One village further on, in Langlingen-Wiedenrode, the MilleFlori farm is contributing to the FlotART with a growing work of art: a herb garden in 2011 and a clay oven in 2012. A landscape work of art is in the minds of the farm owners. Cornelia Günther finds this FlotART contribution "beautiful". "We always had the idea of redesigning a courtyard or a nursery to create a park accessible to the public," reveals Patricia Mordaß, who acquired and restored the courtyard, the second oldest building in the village from 1886, in 2005 with the help of her husband Mario. "The exterior was not important to us at the time.
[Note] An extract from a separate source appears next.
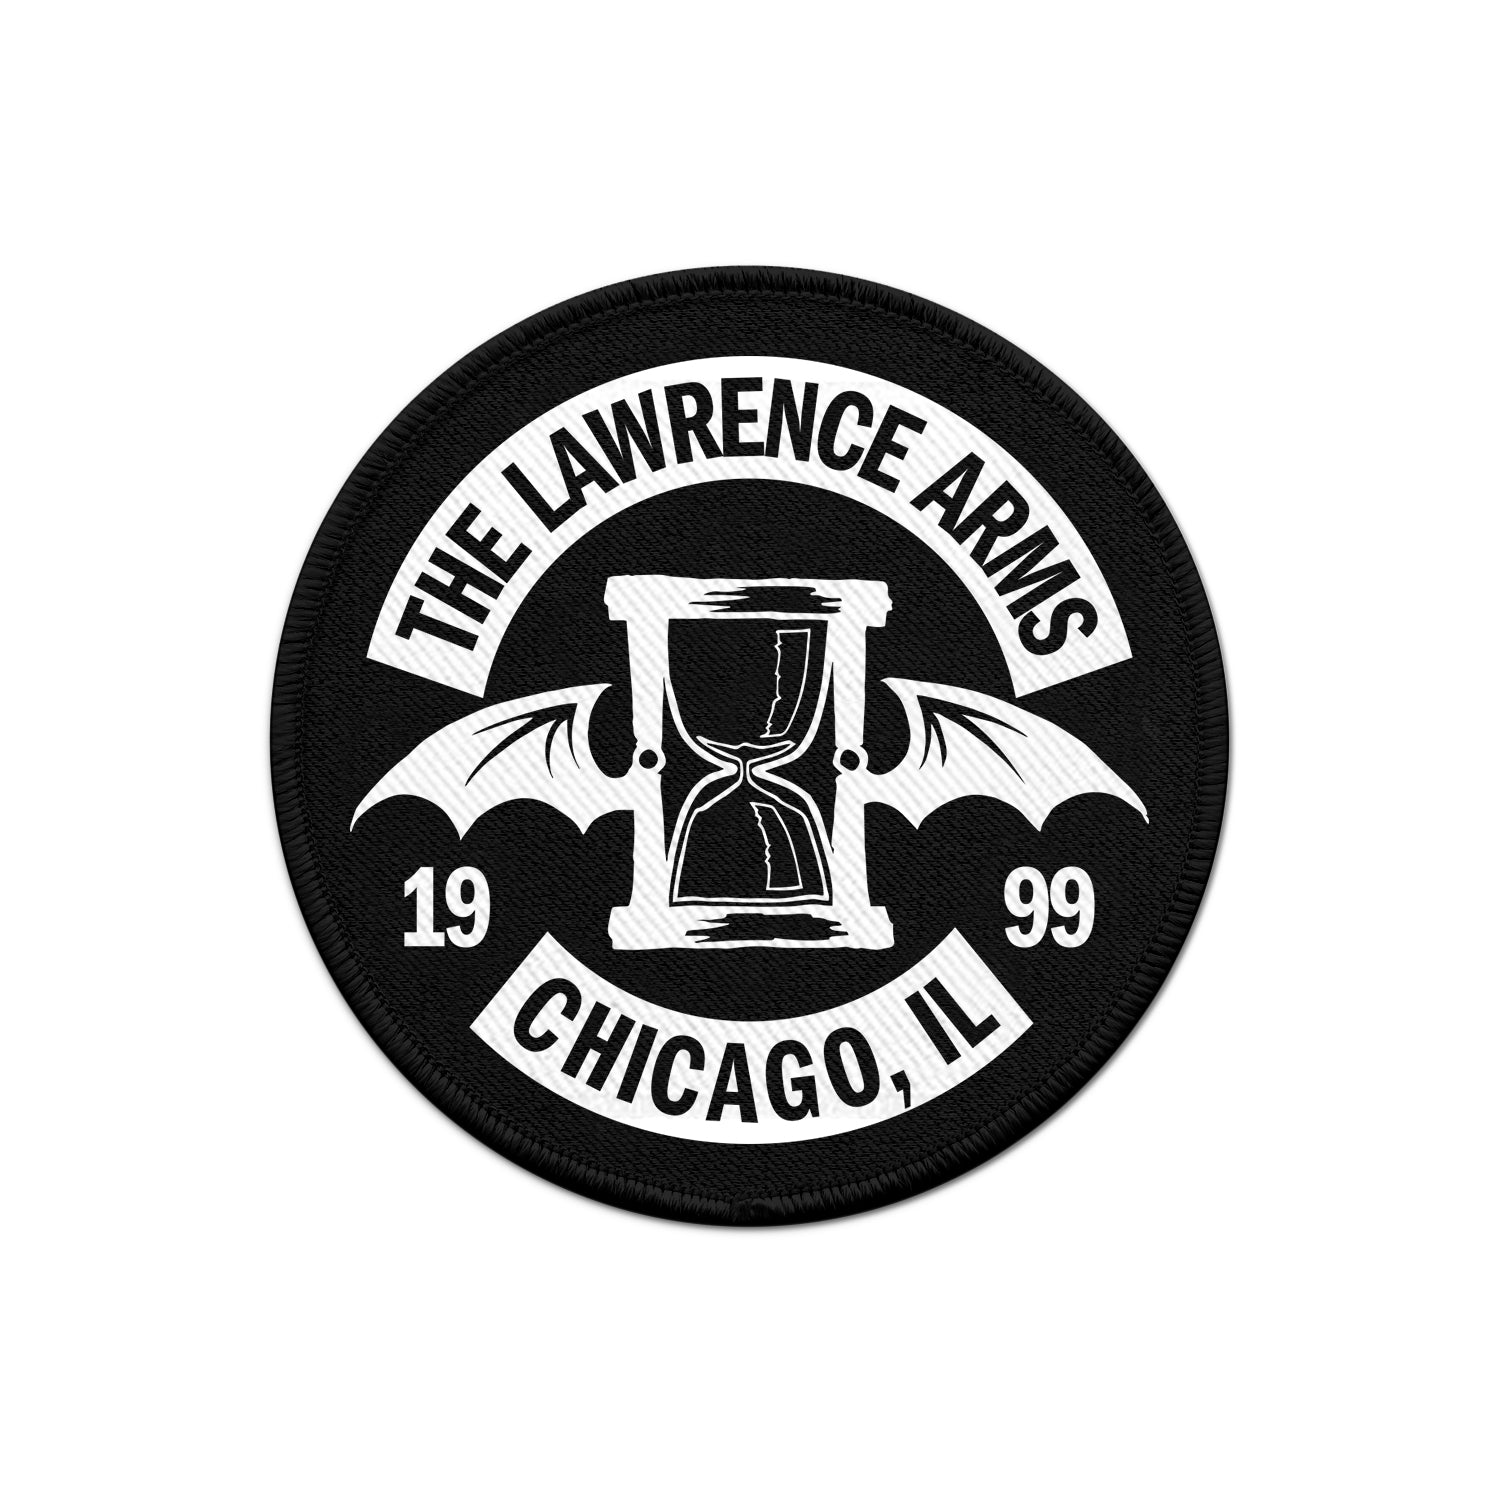 Image of a black and white embroidered patch against a white background. The patch is black and the center of it features the lawrence arms logo of an hourglass with wings, in white. Just below that are the numbers 1999. Above the logo in a banner says the lawrence arms. The banner is white with black text. Below the logo in the same style banner it says chicago, IL.

Now we see it as an object of art to design it, as garden art". In 2013, we took part again, with a fan-shaped perennial garden and the colours of the rainbow. There would also be a mountain with a swimming pond and amphitheatre for concerts, a ruin building, a savannah landscape with an Indian tent and a spring grove. "It's wonderful to give your work a face."

 

The ideas are springing up. The FlotART organizers talk about fashion shows, sculptor symposia, permanent wind objects and lots of utopia. "FlotART is not a snored-up box where you exhibit napkin holders, not a painting bazaar," says Cornelia Günther. "We have much more to offer." "The important thing is that we always have enough new ideas in the pool. Because that's the principle:

"We want to reinvent ourselves every year."